Empathy is a powerful predictor and motivator in prosocial behavior such as forgiveness, volunteering, and helping others, and it is further negatively associated with opposite behaviors like aggression and bullying.  Empathy can benefit society, individuals, and relationships and allow people to pause before judging or acting in favor of harmful biases.

Empathy can also be draining and at times lead to burnout or physiological health consequences.  Empathy can be blinding, misleading, and used to intentionally cloud one’s judgement (often used in political campaigns).  Biases in empathy can promote antagonism and aggression as well as numbness to mass suffering.

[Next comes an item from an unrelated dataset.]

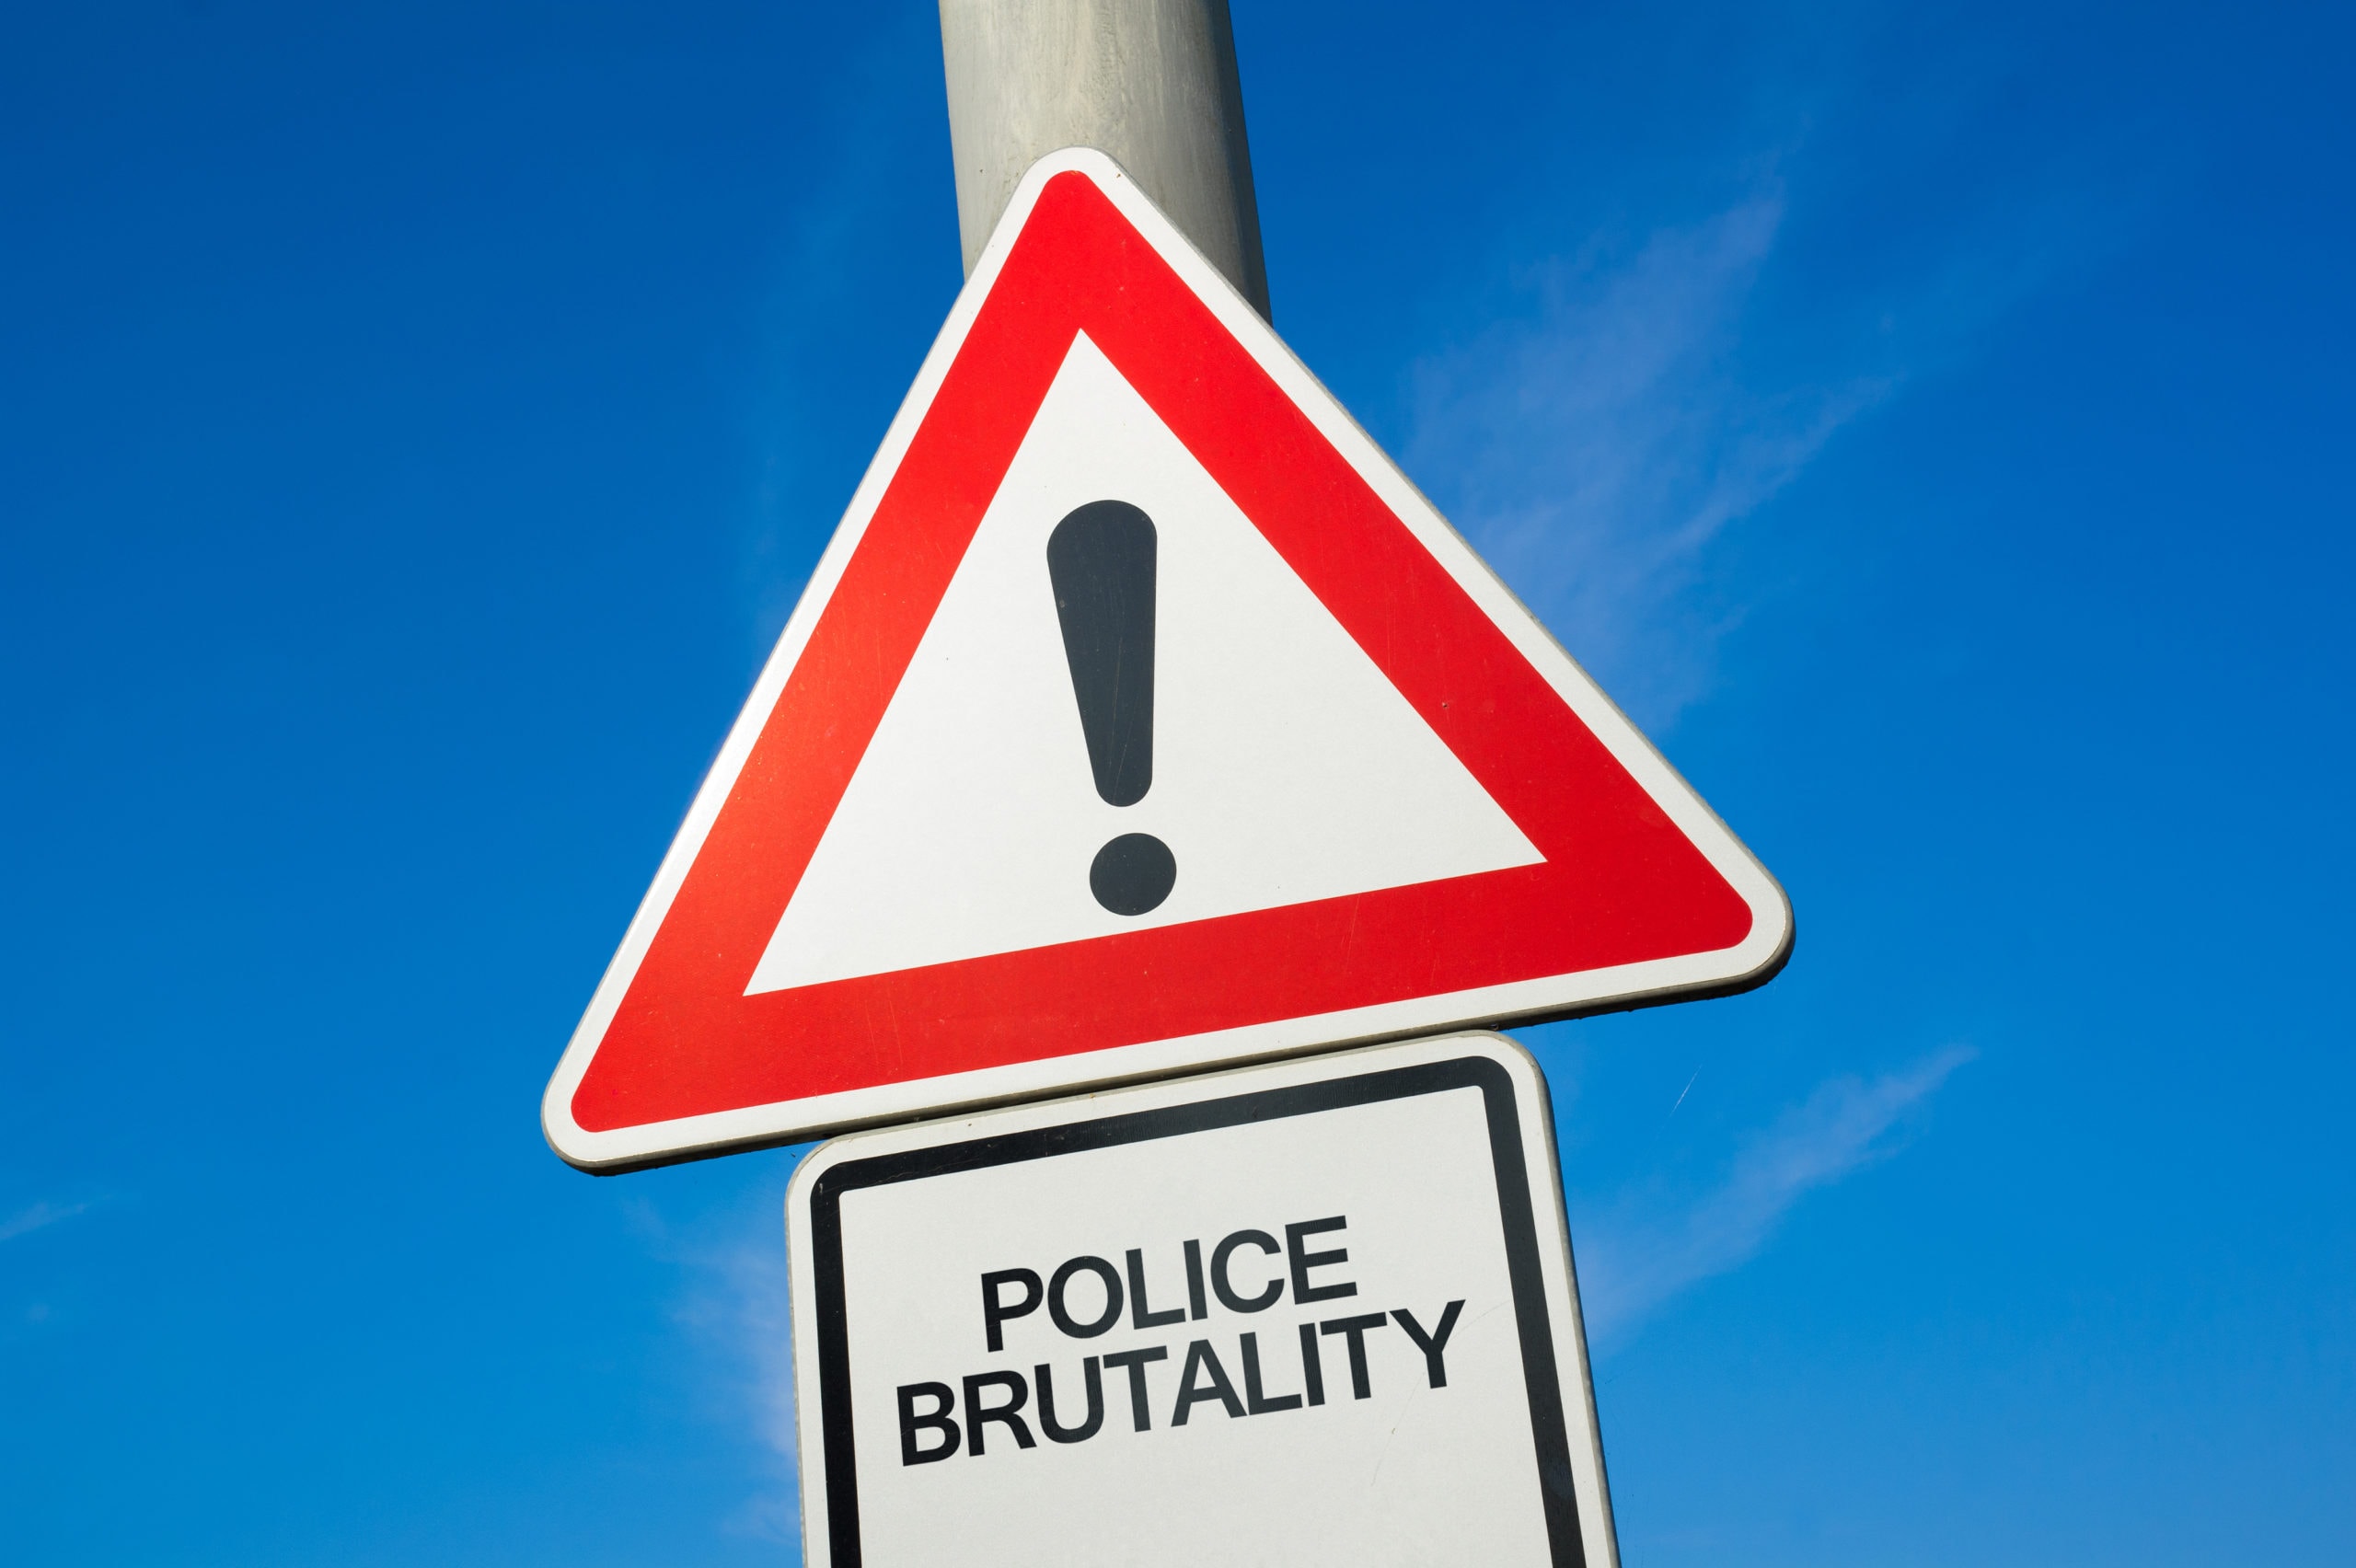 Police brutality - traffic sign with exclamation mark to alert, warn caution - precaution and warning of violent, harmful and repressive attack made by policemen and cops

To be the “right” kind of empath…

When cultivating empathy, it is important to cultivate the right kind of empathy.  Below is a list of ways to help one get started on this journey:

  1. Be willing to grow - being open to empathizing more can lead to increased empathy through intention alone.

  2. Expose yourself to differences - immerse yourself amongst unfamiliar perspectives in order to expand your own.

  3. Read fiction - practice empathy in safe spaces through stories and fictional characters.

  4. Identify common ground - focus on similarities and expand your concept of who is included in your ingroup(s).

  5. Understand your blocks and ask questions - question your assumptions and work towards learning what you do not know and unlearning what you thought you knew.

  6. Work with a therapist - empathy involves an understanding of and relating to emotions and experiences, which stems from a connection with one’s own feelings.  Many factors can inhibit this self-connection and ability or willingness to relate to others in this way.  A therapist can help provide a nonjudgmental space to explore these factors and feelings and help foster empathy in a way that makes sense to you.

Sources

  1. Abramson, A. (2021). Cultivating Empathy. American Psychological Association.

  2. Armstrong, K. (2017). ‘I Feel Your Pain’: the Neuroscience of Empathy. Association for Psychological Science.

  3. Cherry, K. (2023). What is Empathy? Very Well Mind.

  4. Riess H. (2017). The Science of Empathy. Journal of patient experience, 4(2), 74–77. https://doi.org/10.1177/2374373517699267

  5. What is Empathy? The Greater Good Science Center at UC Berkeley.

  6. Young, P. (2022). Why Some People Have a Lack of Empathy (And How to Deal with Them). LifeHack.